Exercise aim
Repeat every line of the listing below exactly, minus the pictures.

Data shown
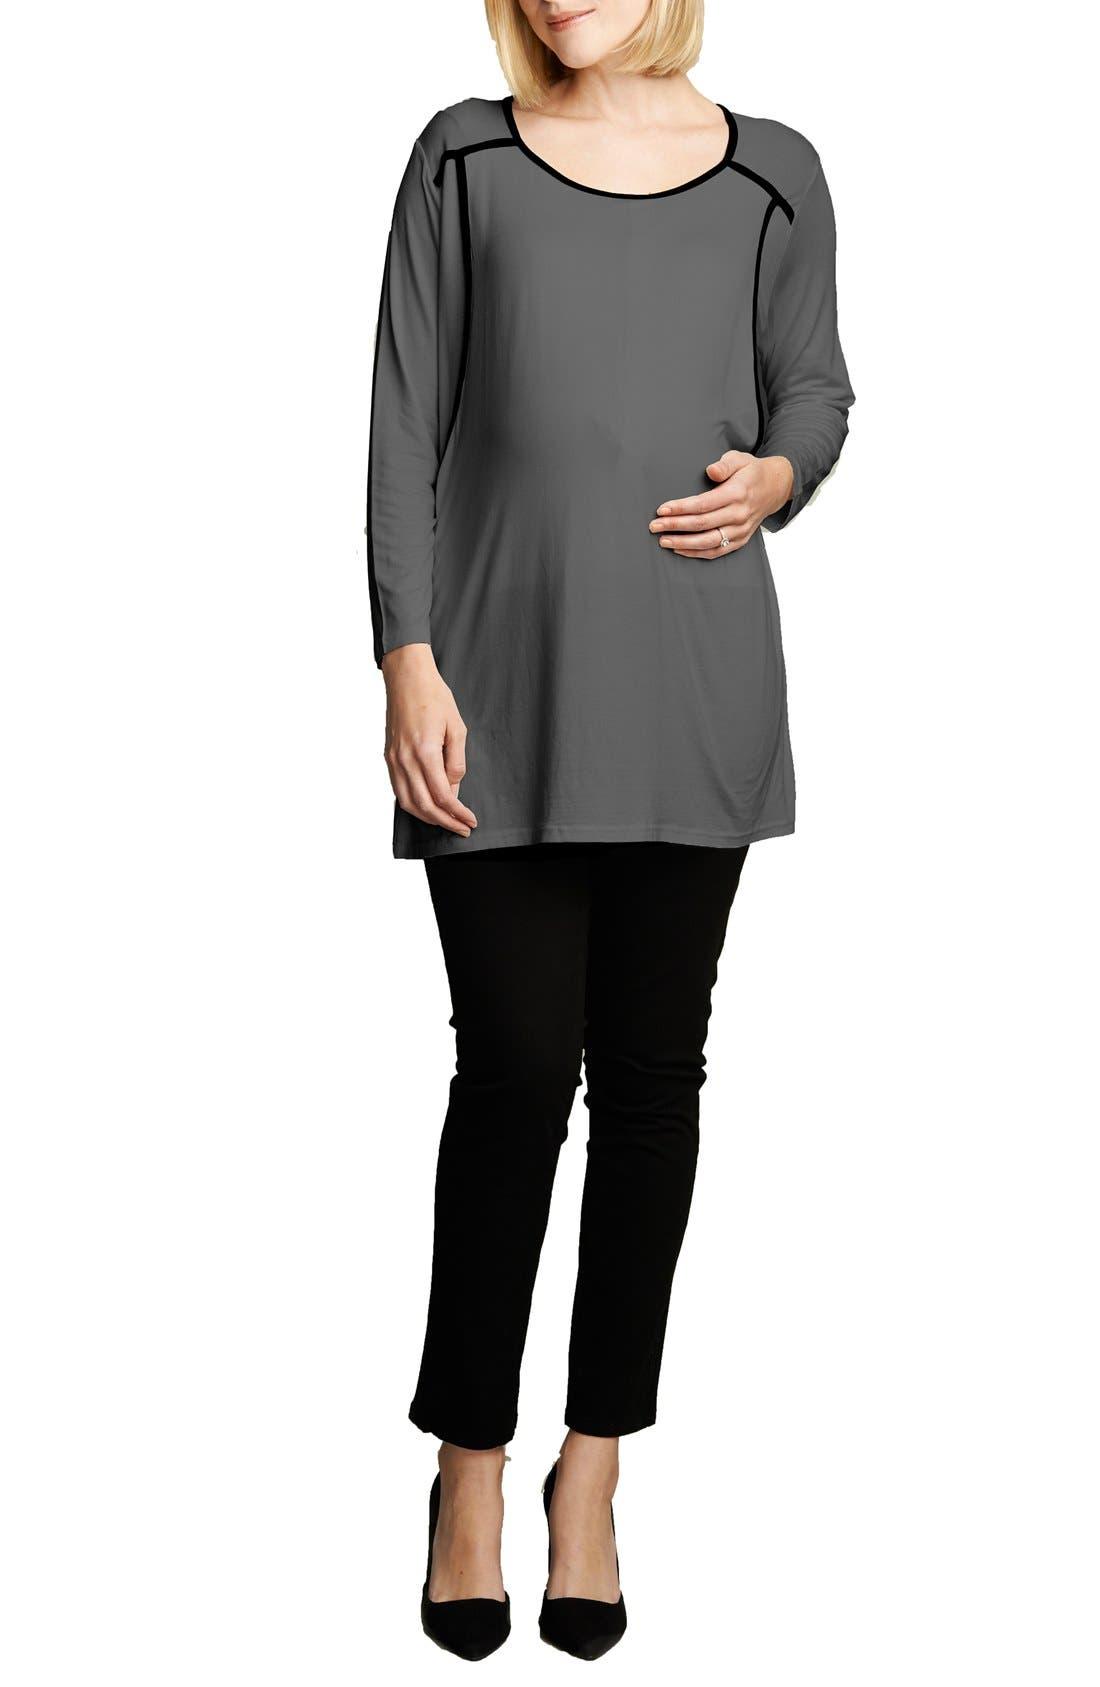 Long Sleeve Nursing Top,                         Main,                         color, CHARCOAL/BLACK
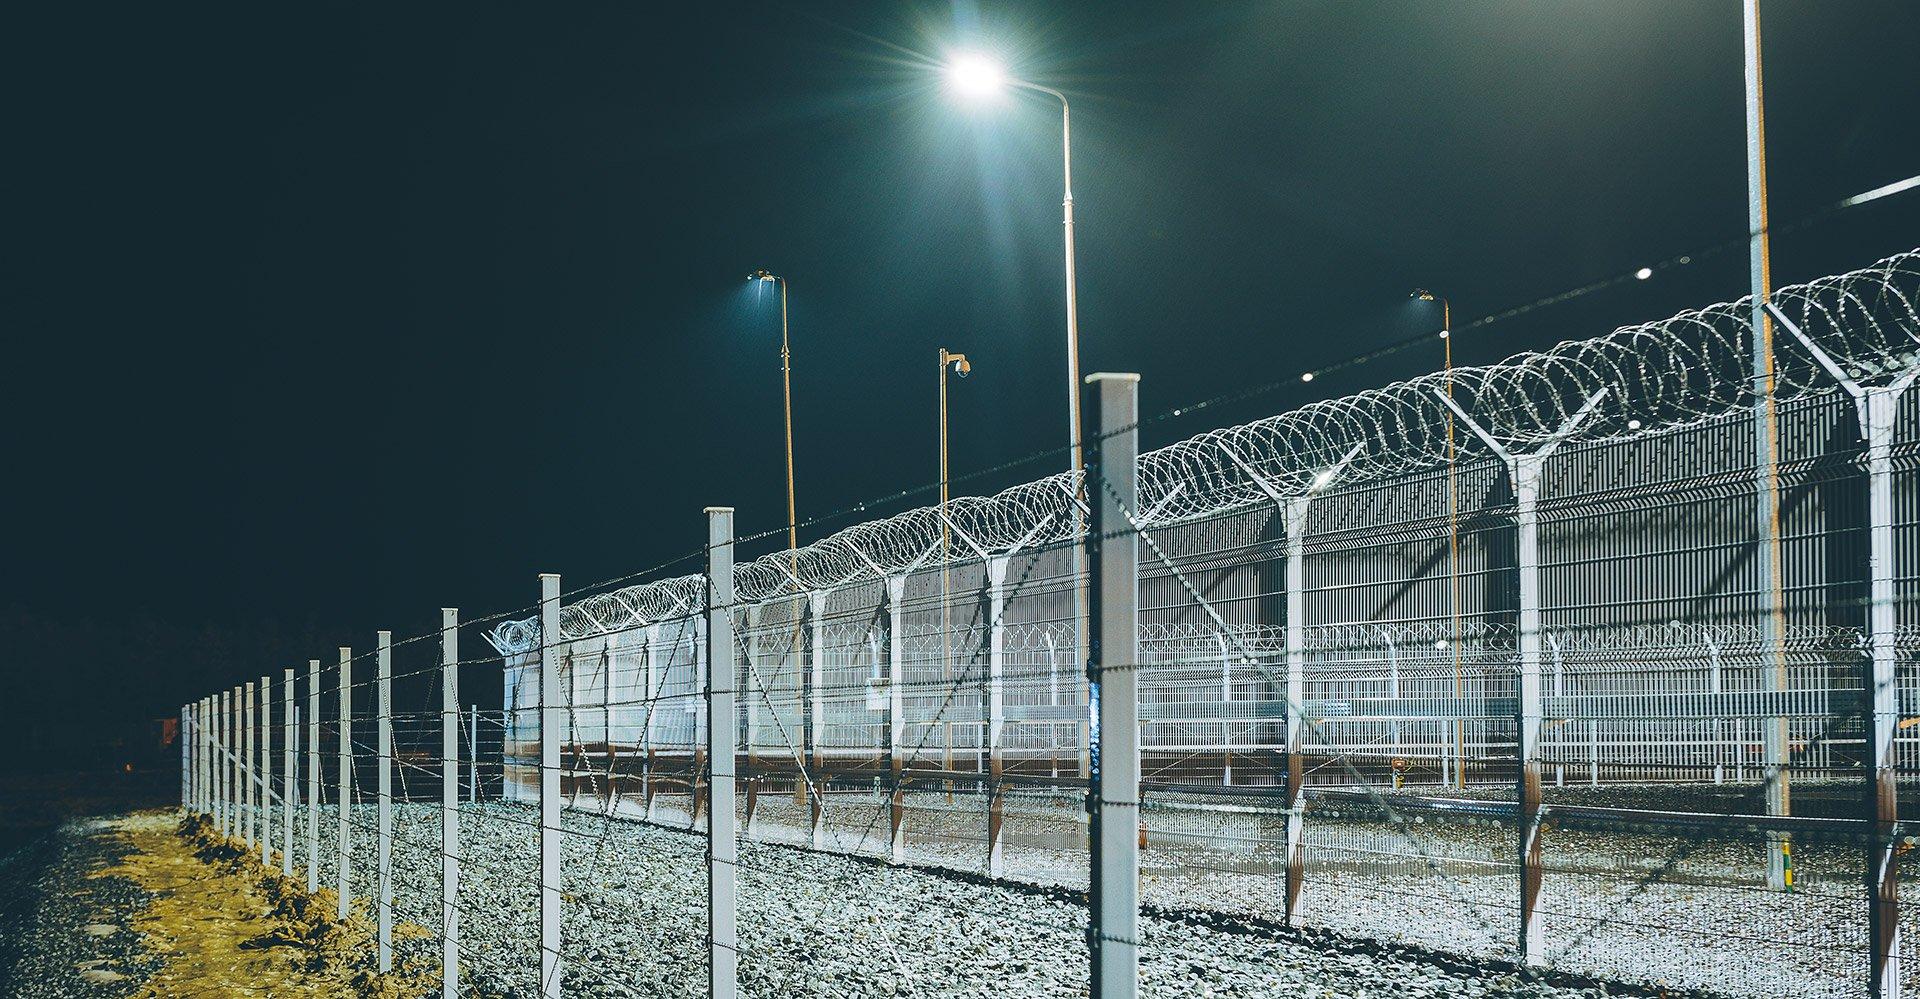 fence-light
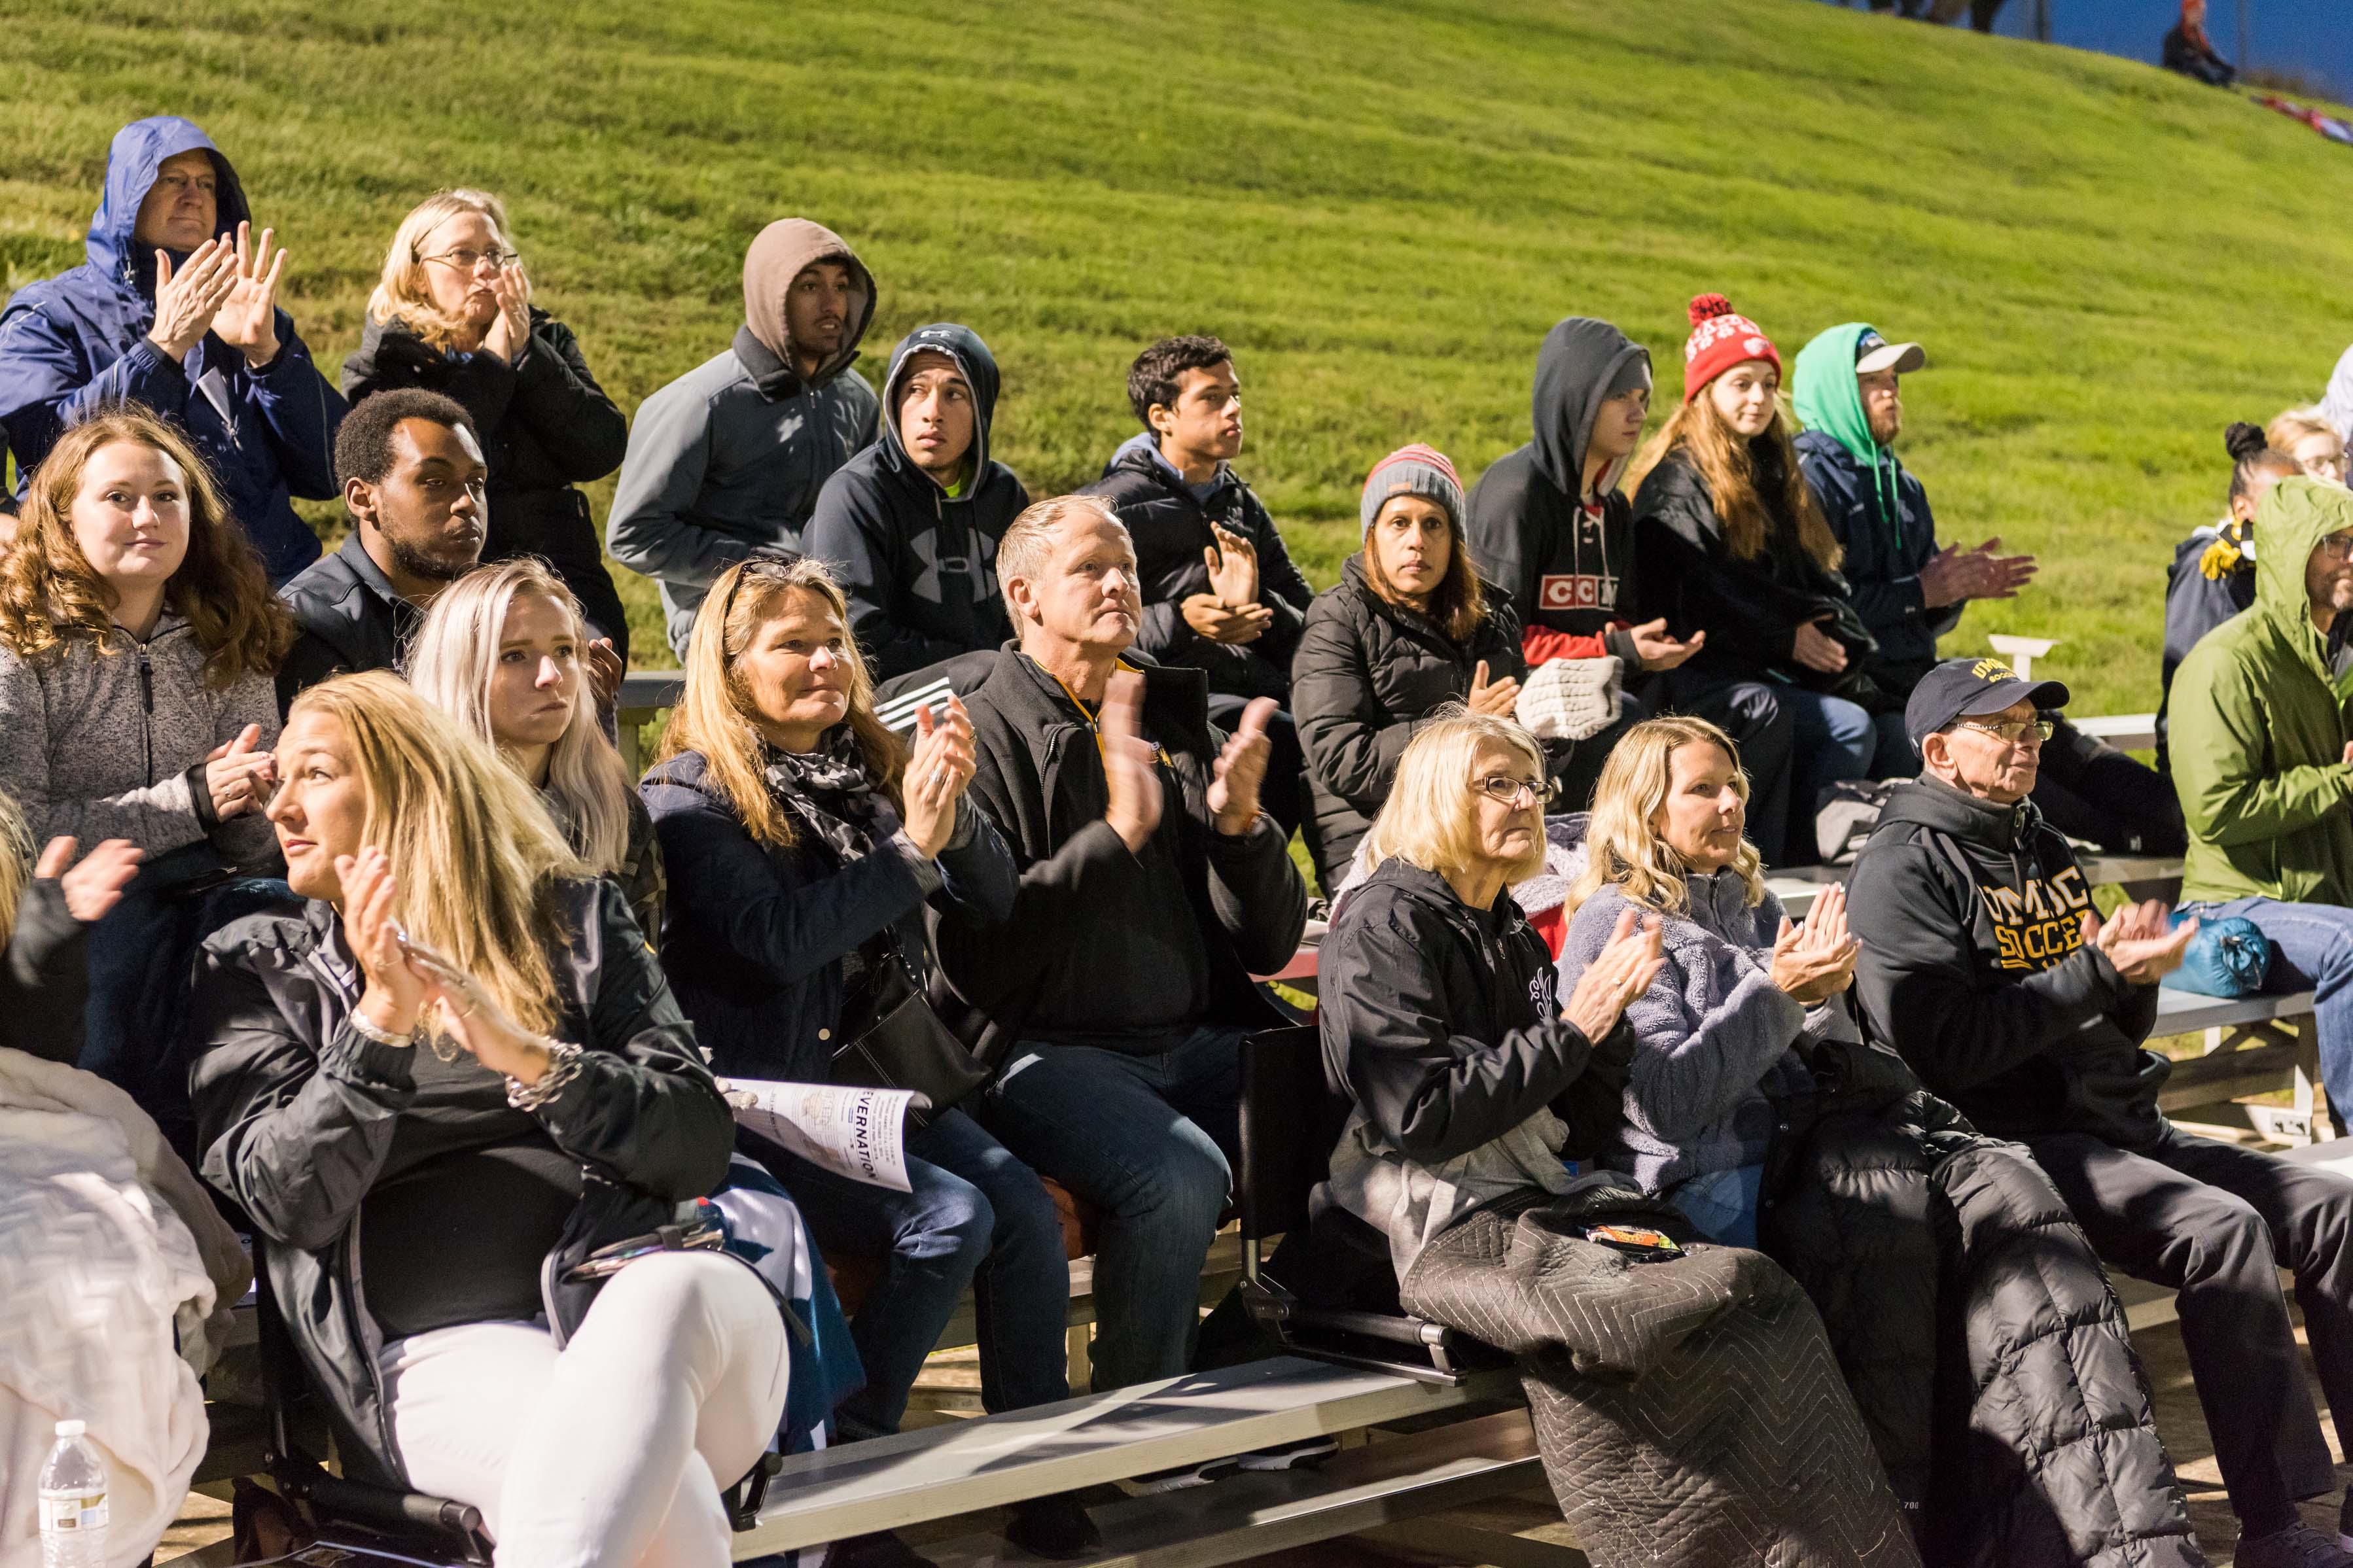 Fans applaud at retriever soccer park

Answer to the exercise
 Long Sleeve Nursing Top,                         Main,                         color, CHARCOAL/BLACK
 fence-light
 Fans applaud at retriever soccer park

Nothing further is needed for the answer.